Die beiden Geschichten von der Begegnung mit dem Tod werden nun nicht nur nach den Gesetzen der Kino-Dramaturgie miteinander verbunden, sie verhalten sich auch in der moralischen Komposition der Fabel zueinander spiegelverkehrt. Die erste persönliche Erfahrung mit dem Tod, der unbarmherzige Angriff auf den Familienroman, dessen Folgen in die Gesellschaft und die Geschichte reichen werden, und die Erfahrung des Todes als Ausdruck der globalisierten Unordnung, deren gesellschaftliche und geschichtliche Dimensionen bis in den Familienroman reichen. Wie das eine mit dem anderen zusammenhängt, davon will der Film erzählen.
Die erste Hälfte von In einer besseren Welt hält dieser Aufgabe stand. Christian soll nach dem Tod der Mutter bei seiner Großmutter leben. In der Schule an seinem neuen Wohnort trifft er auf Elias, Antons Sohn. Der wurde von seinen Mitschülern als Opfer auserkoren, als »schwule Sau«, »Ausländer« und »Rattengesicht« (wegen seiner Zahnspange) verspottet und gedemütigt. Christian ist entschlossen, nachdem er auch selbst einen Angriff des Anführers der Mobbing-Clique erlebte, kein Opfer zu sein. Als dieser Anführer Elias wieder bedrängt, schlägt ihn Christian in einem wahren Gewaltrausch mit der Fahrradpumpe zusammen und bedroht ihn dann mit dem Messer. Christian ist nicht nur Beschützer, sondern wird auch Verführer für Elias, auch weil der ganz das Gegenteil der pazifistischen Einstellung des Vaters vertritt.
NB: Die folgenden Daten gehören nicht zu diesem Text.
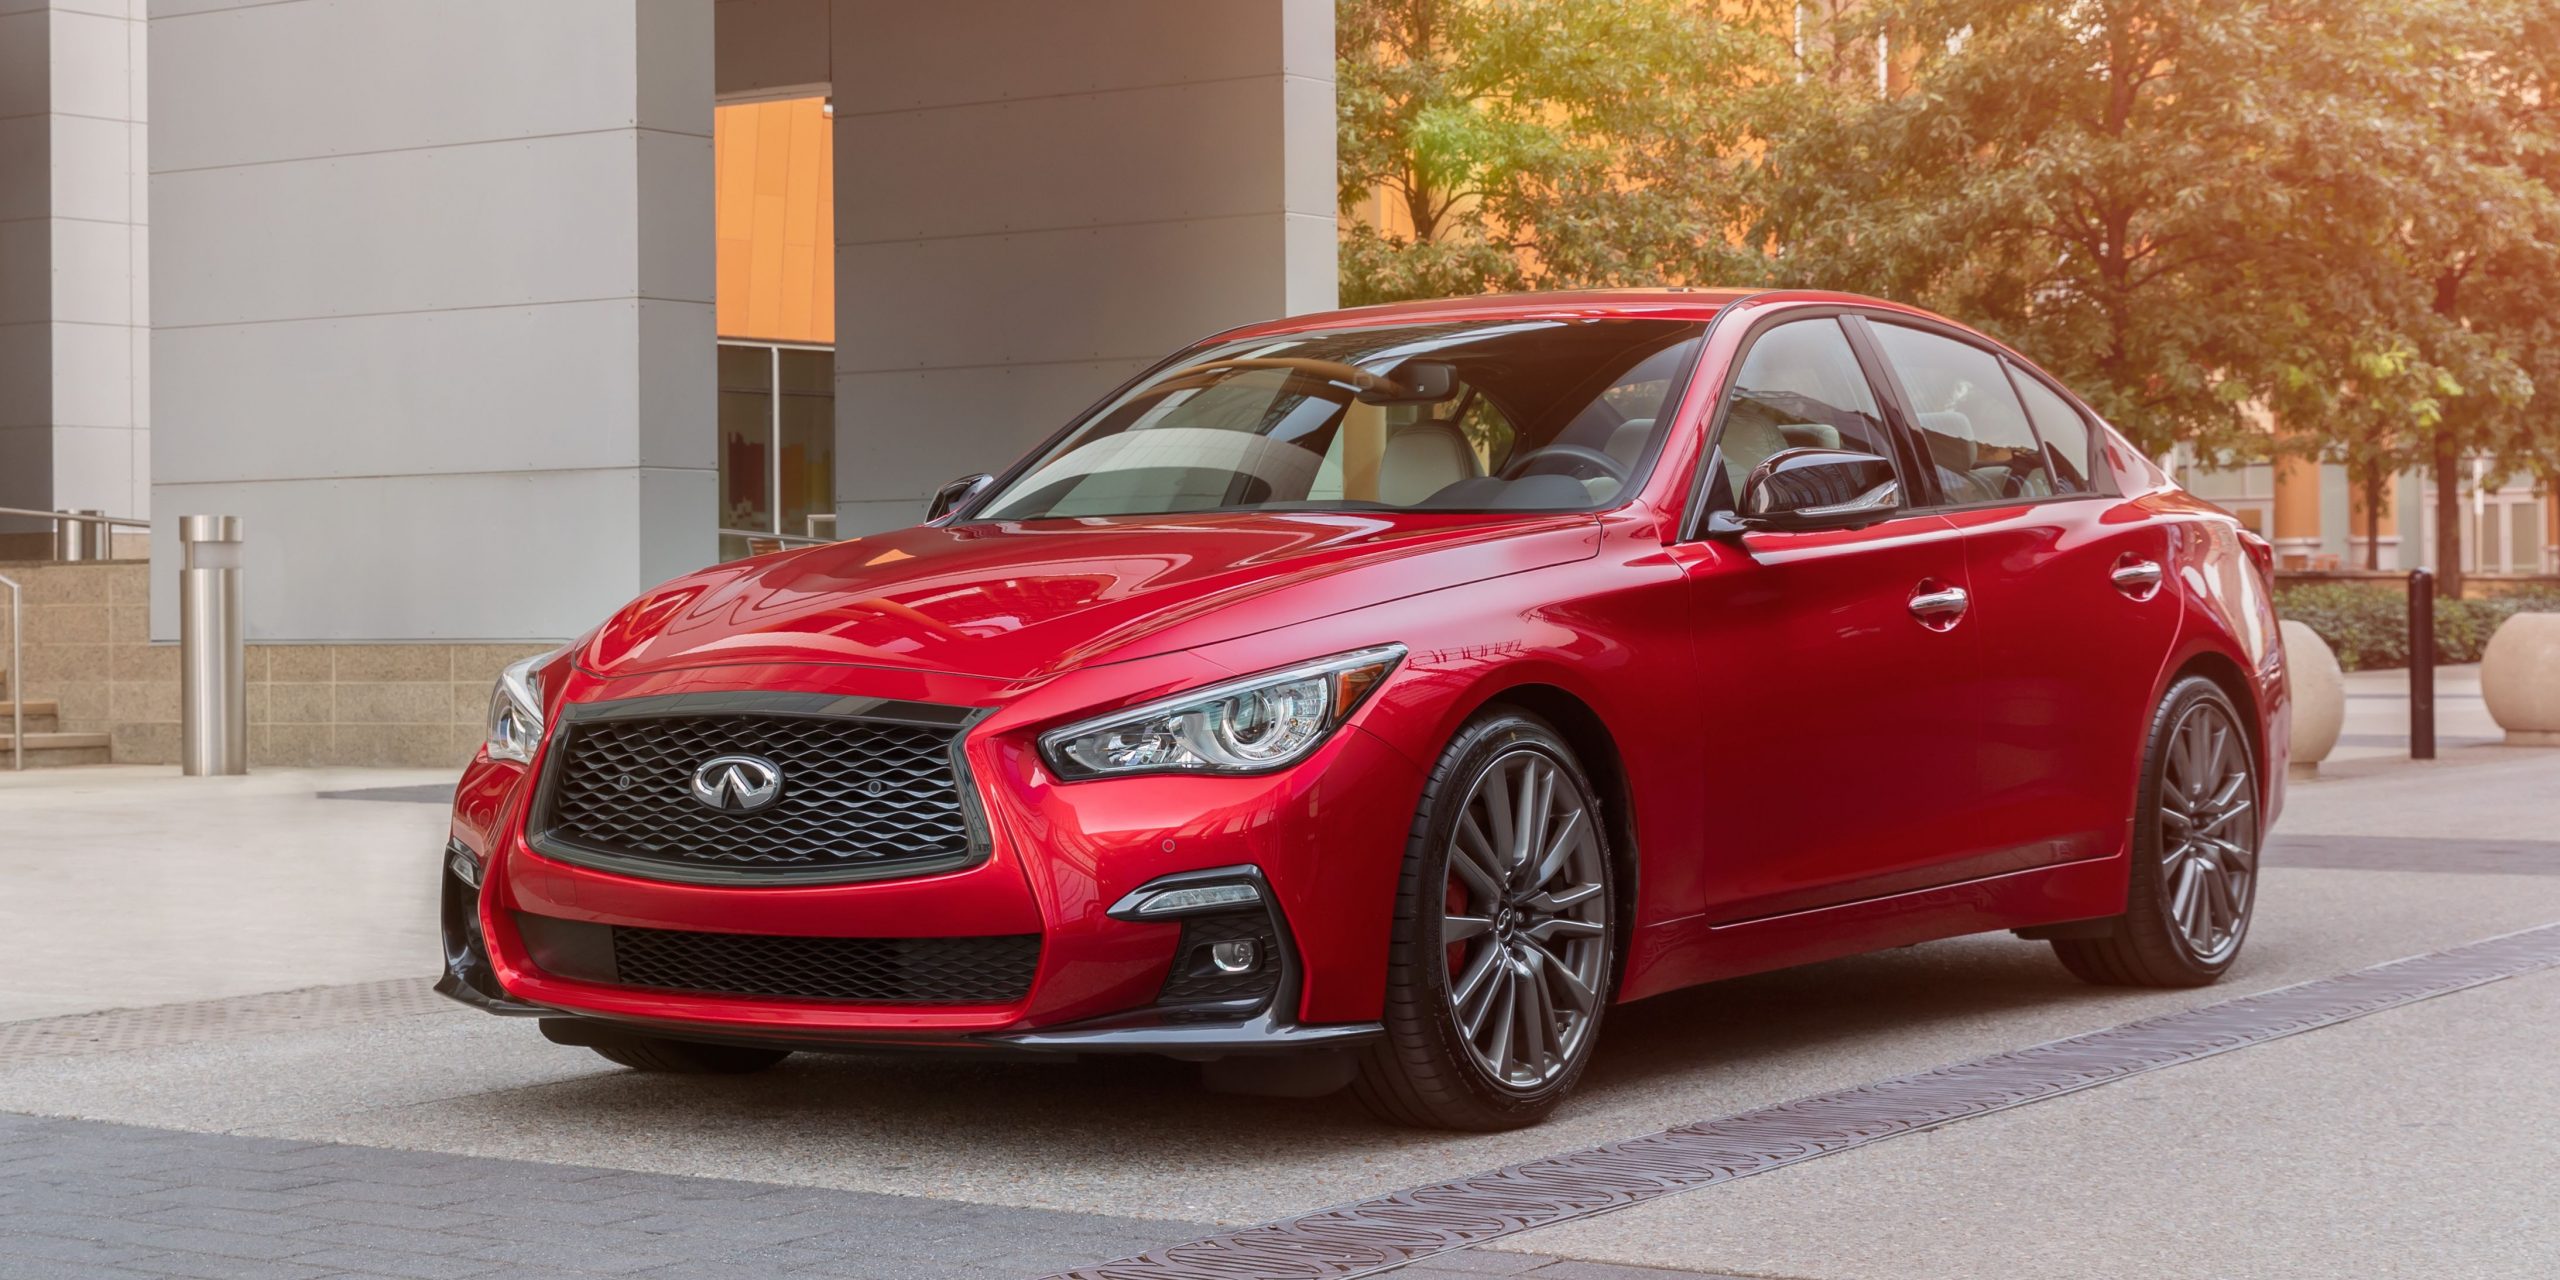 2021 Infiniti Q50 Adds New Trim Level, Price Sees Small Increase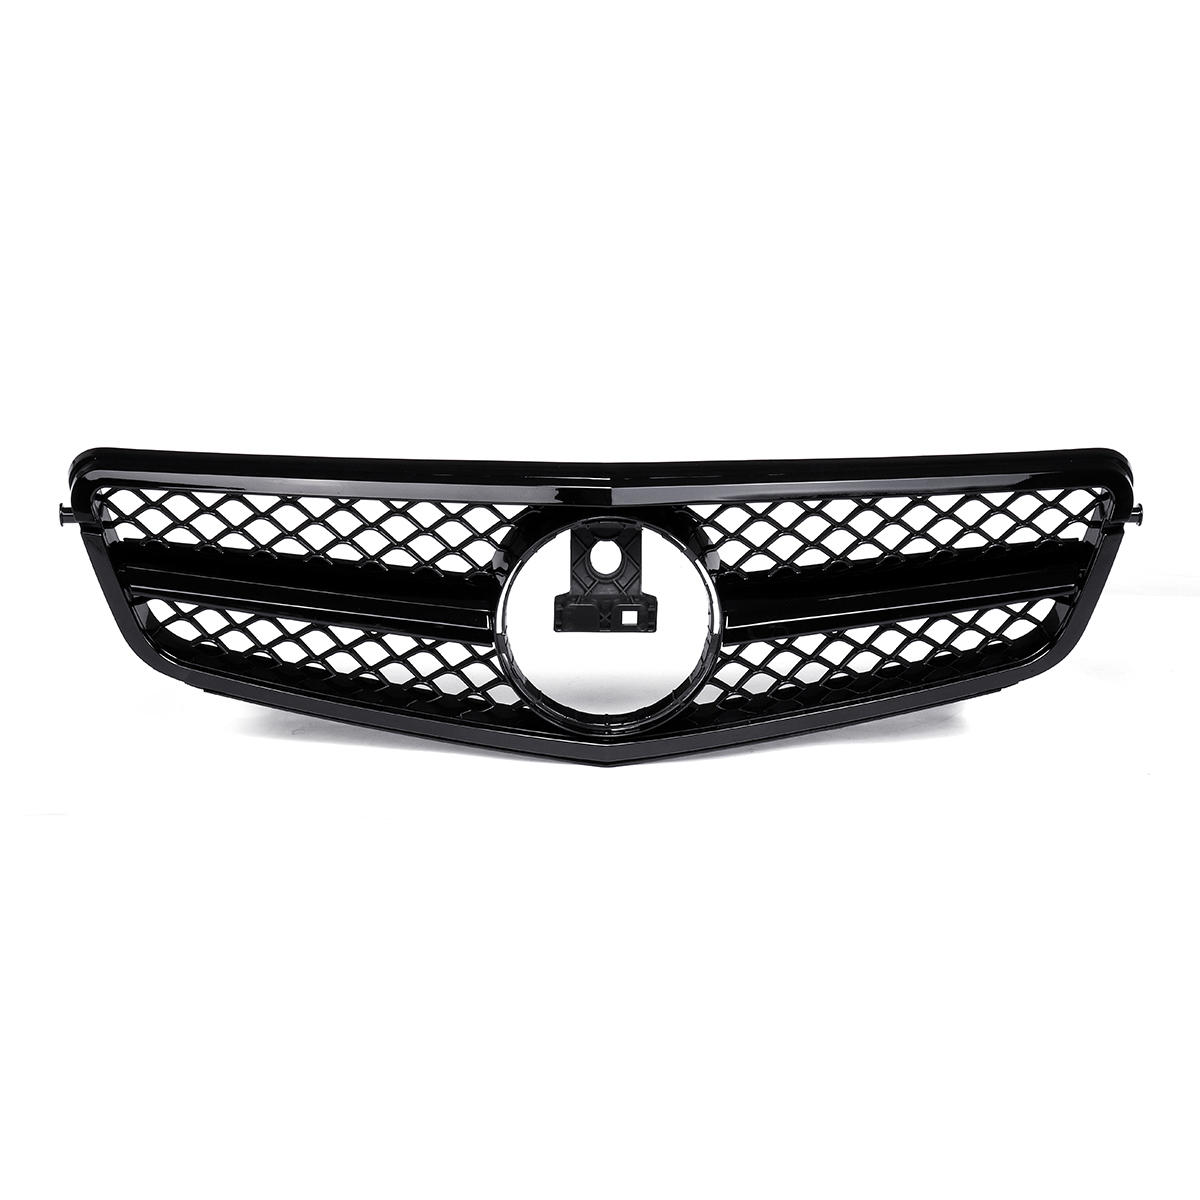 

Car C63 AMG Style Front Upper Grille Grill For Mercedes C Class W204 C180 C200 C300 C350 2008-2014

So wie Christian seine Mutter verloren hat und der Vater keinen Zugang zu ihm findet, so ist Elias an den idealisierten Vater gebunden, der immer wieder für Wochen drüben in Afrika ist. Christian verleitet Elias zu einem Rachefeldzug, der absehbar in eine Katastrophe führt. Und ebenso absehbar muss drüben in Afrika Anton noch einmal mit dem Big Man zusammentreffen, der mit einem verwundeten Bein ins Camp kommt. Darf oder muss man gar einen solchen Teufel in Menschengestalt heilen?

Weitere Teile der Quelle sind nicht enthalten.